DIRECTIONS
Render every line of the data exactly as written, and leave out the pictures.

DATA SECTION
[Start of Attachment]
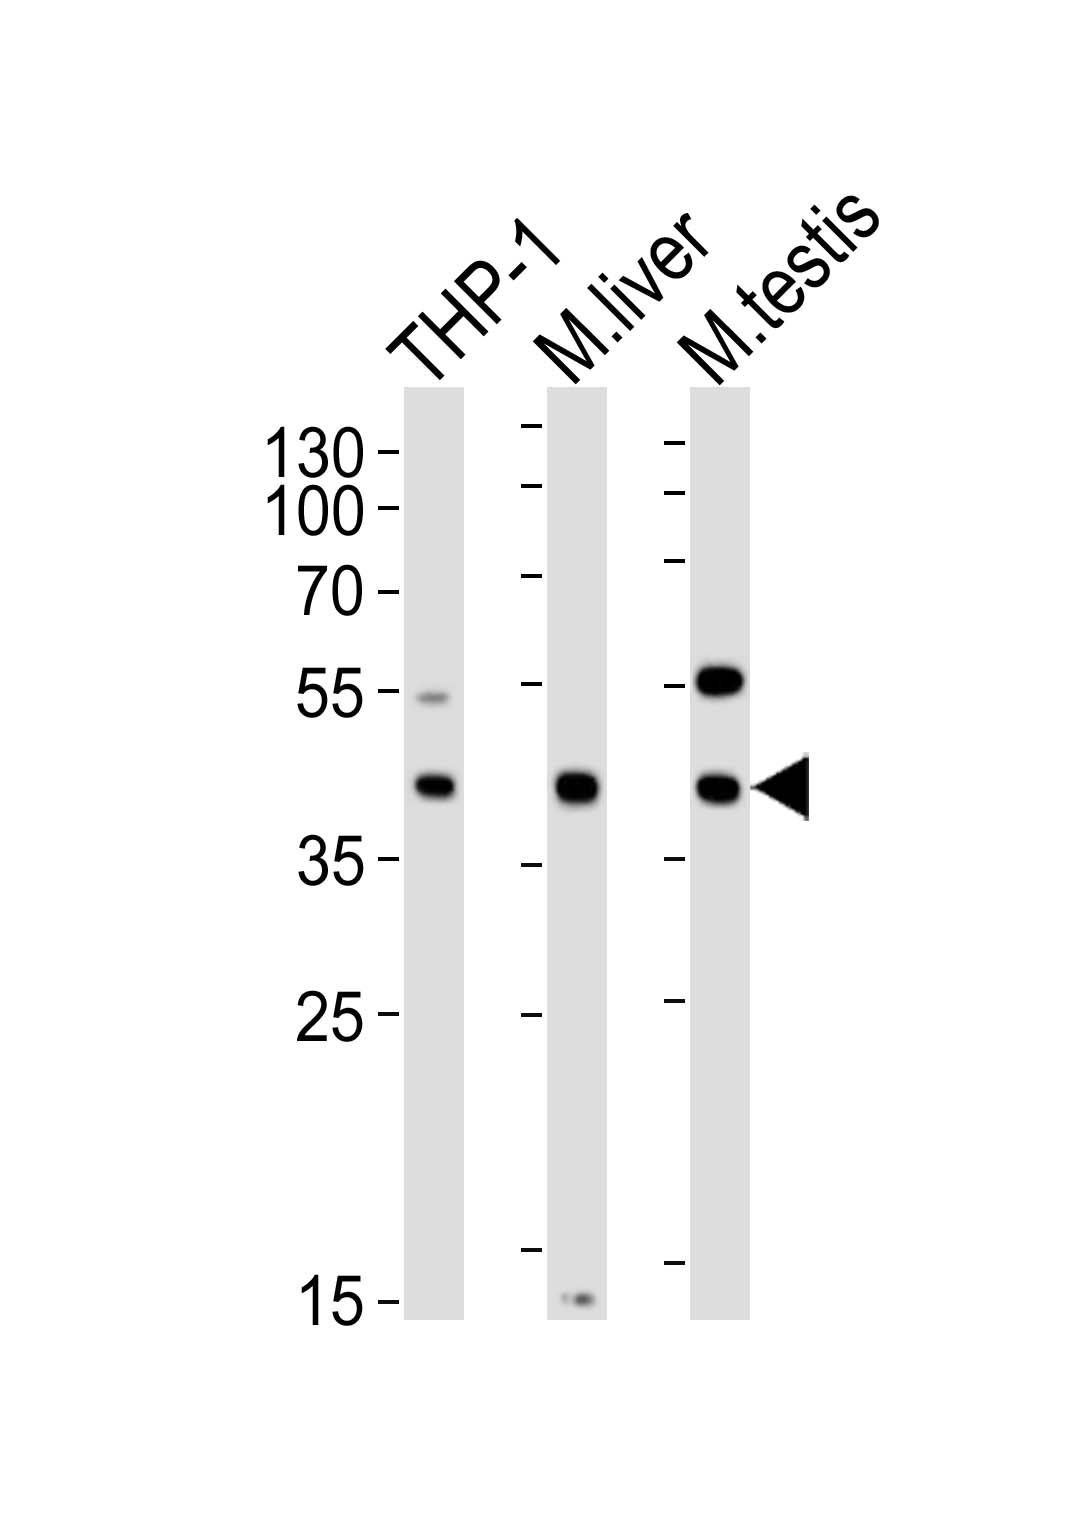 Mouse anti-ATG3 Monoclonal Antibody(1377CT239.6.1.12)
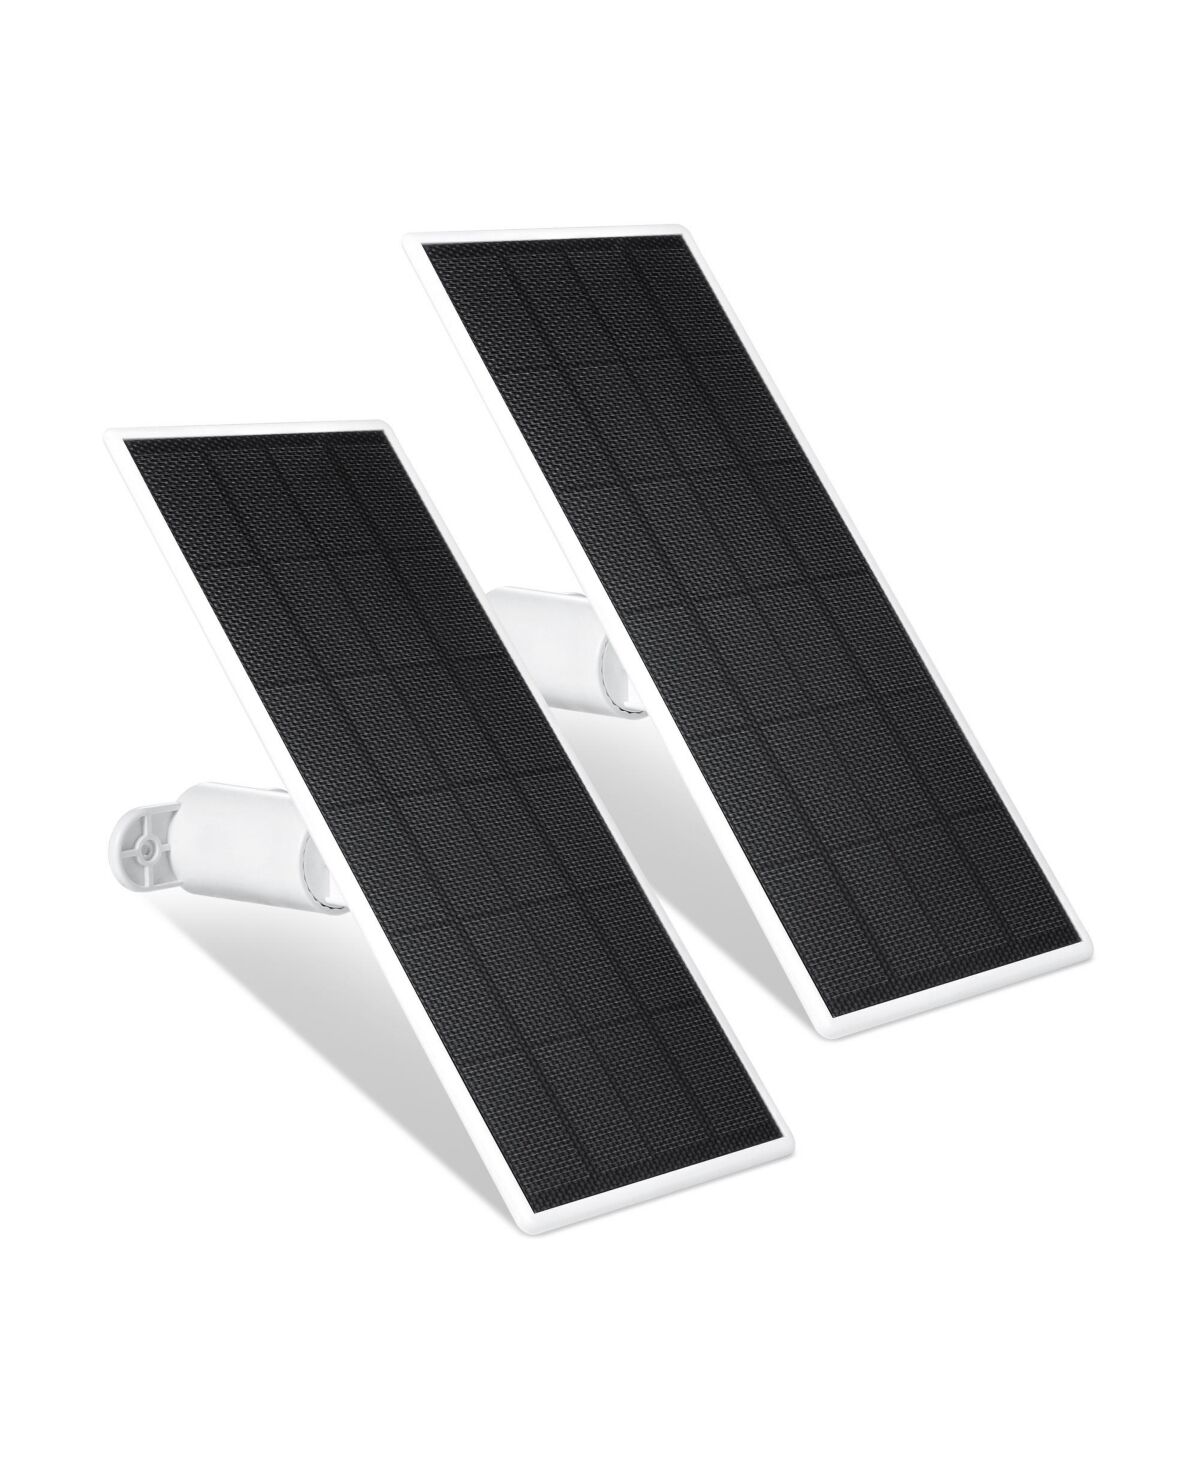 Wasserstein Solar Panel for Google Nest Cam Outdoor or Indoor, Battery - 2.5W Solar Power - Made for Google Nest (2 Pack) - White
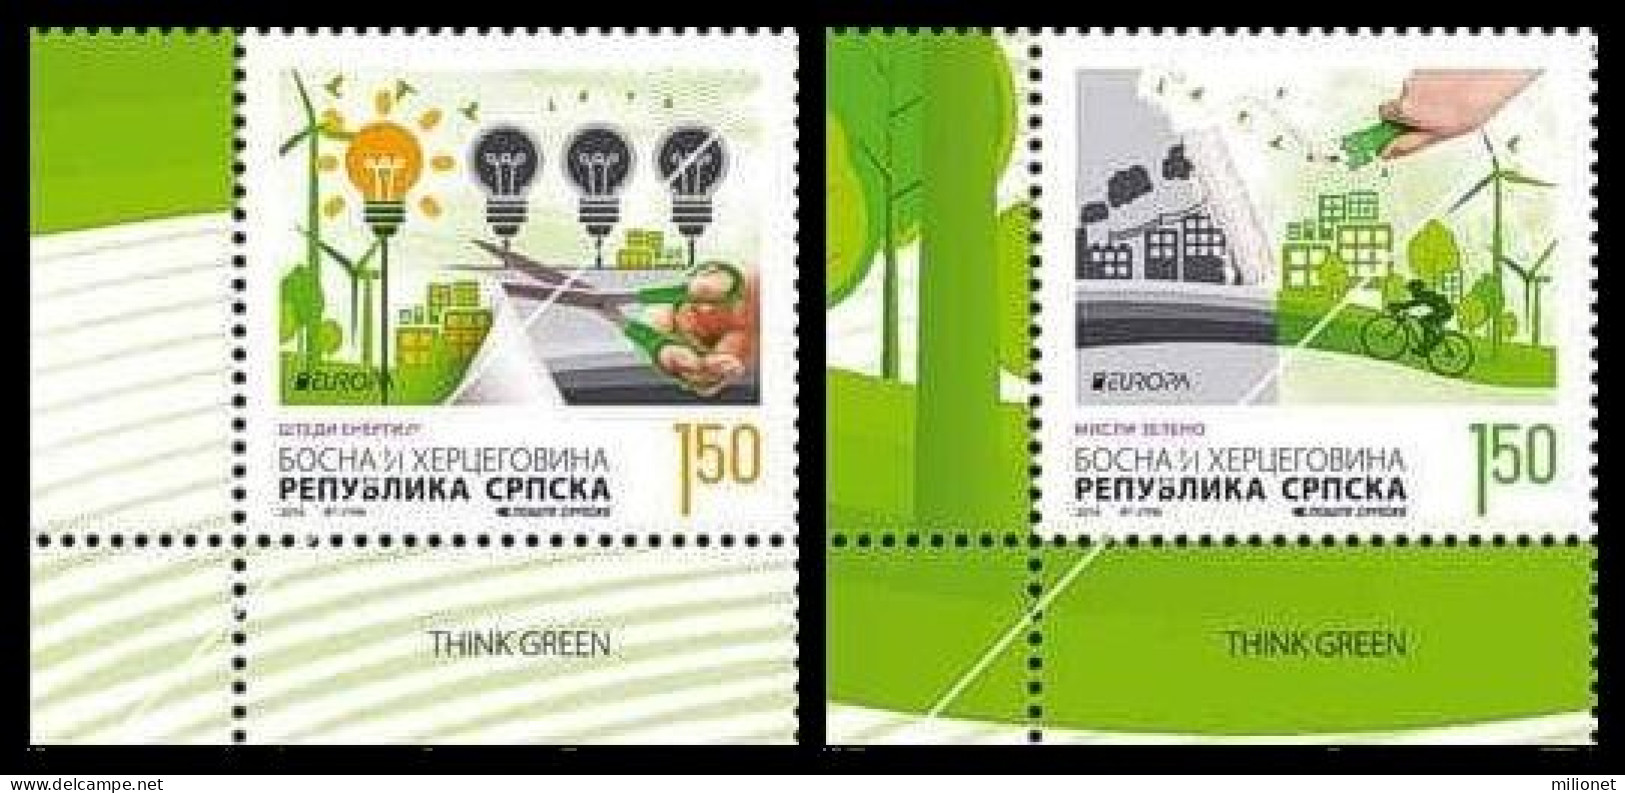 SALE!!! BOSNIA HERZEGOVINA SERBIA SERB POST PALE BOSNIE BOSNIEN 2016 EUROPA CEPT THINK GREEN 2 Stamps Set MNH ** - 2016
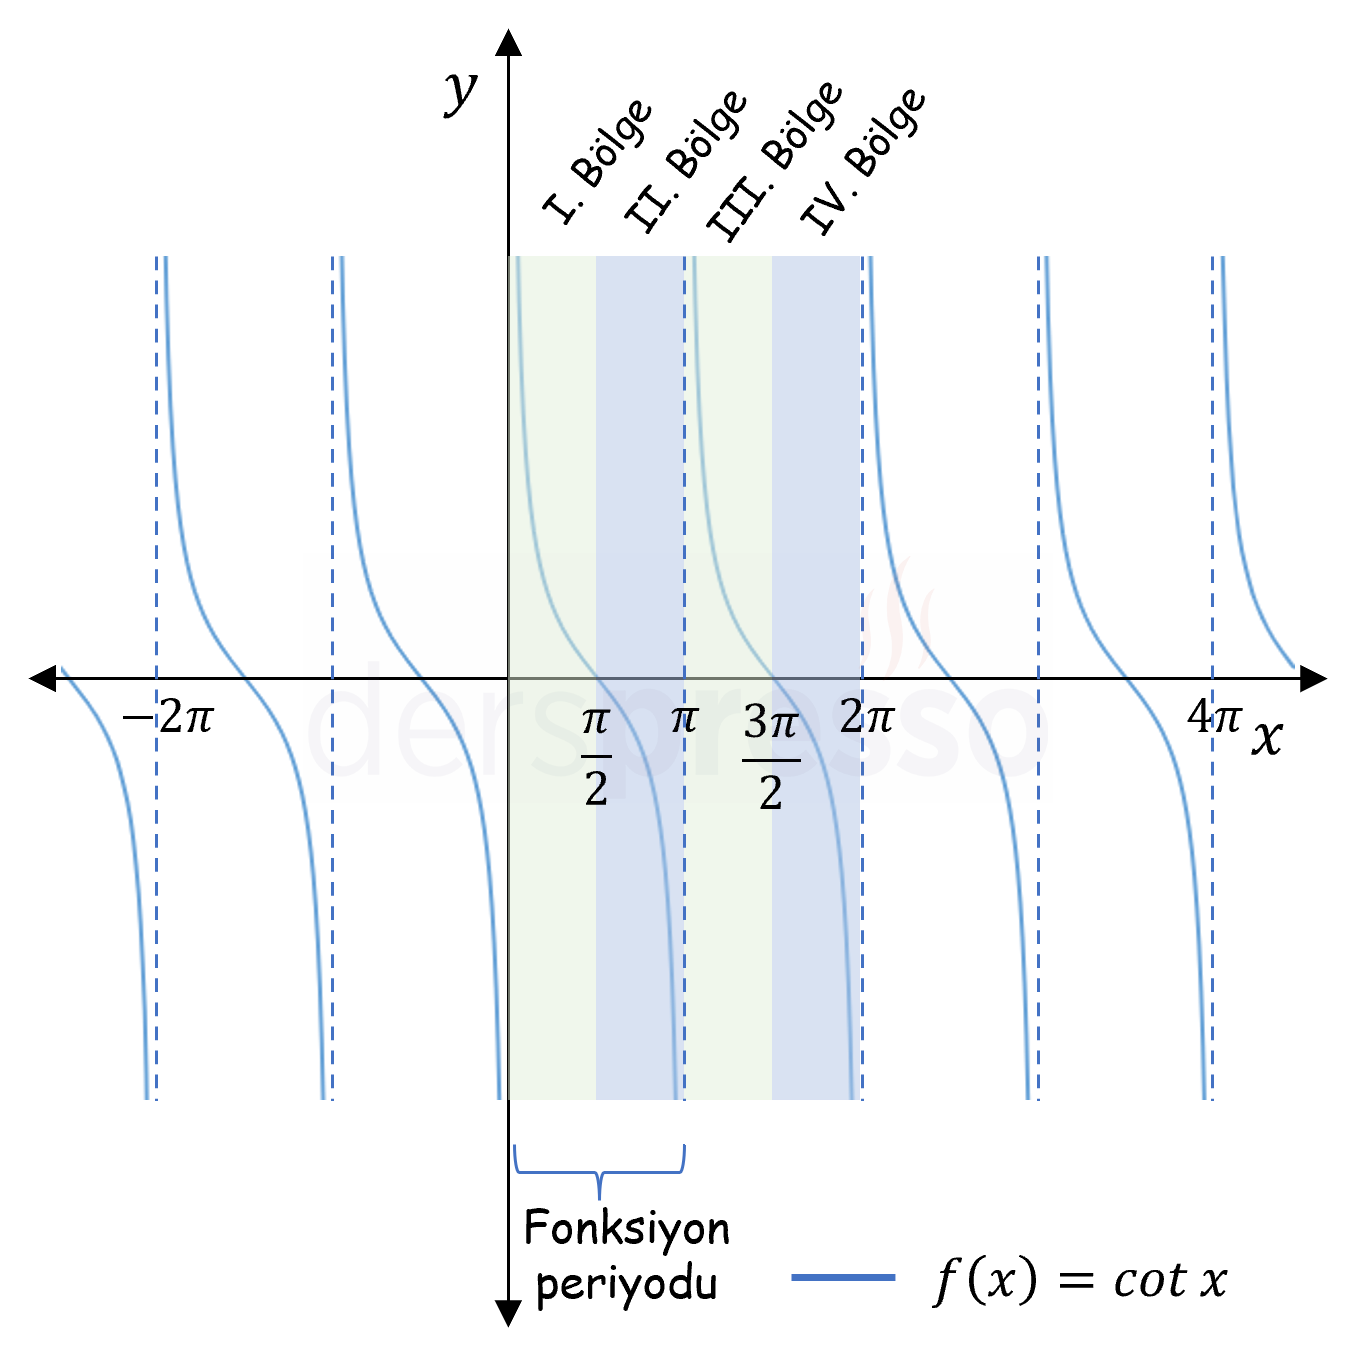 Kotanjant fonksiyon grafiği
[End of Attachment]
SOLVED EXERCISE
 Mouse anti-ATG3 Monoclonal Antibody(1377CT239.6.1.12)
 Wasserstein Solar Panel for Google Nest Cam Outdoor or Indoor, Battery - 2.5W Solar Power - Made for Google Nest (2 Pack) - White
 SALE!!! BOSNIA HERZEGOVINA SERBIA SERB POST PALE BOSNIE BOSNIEN 2016 EUROPA CEPT THINK GREEN 2 Stamps Set MNH ** - 2016
 Kotanjant fonksiyon grafiği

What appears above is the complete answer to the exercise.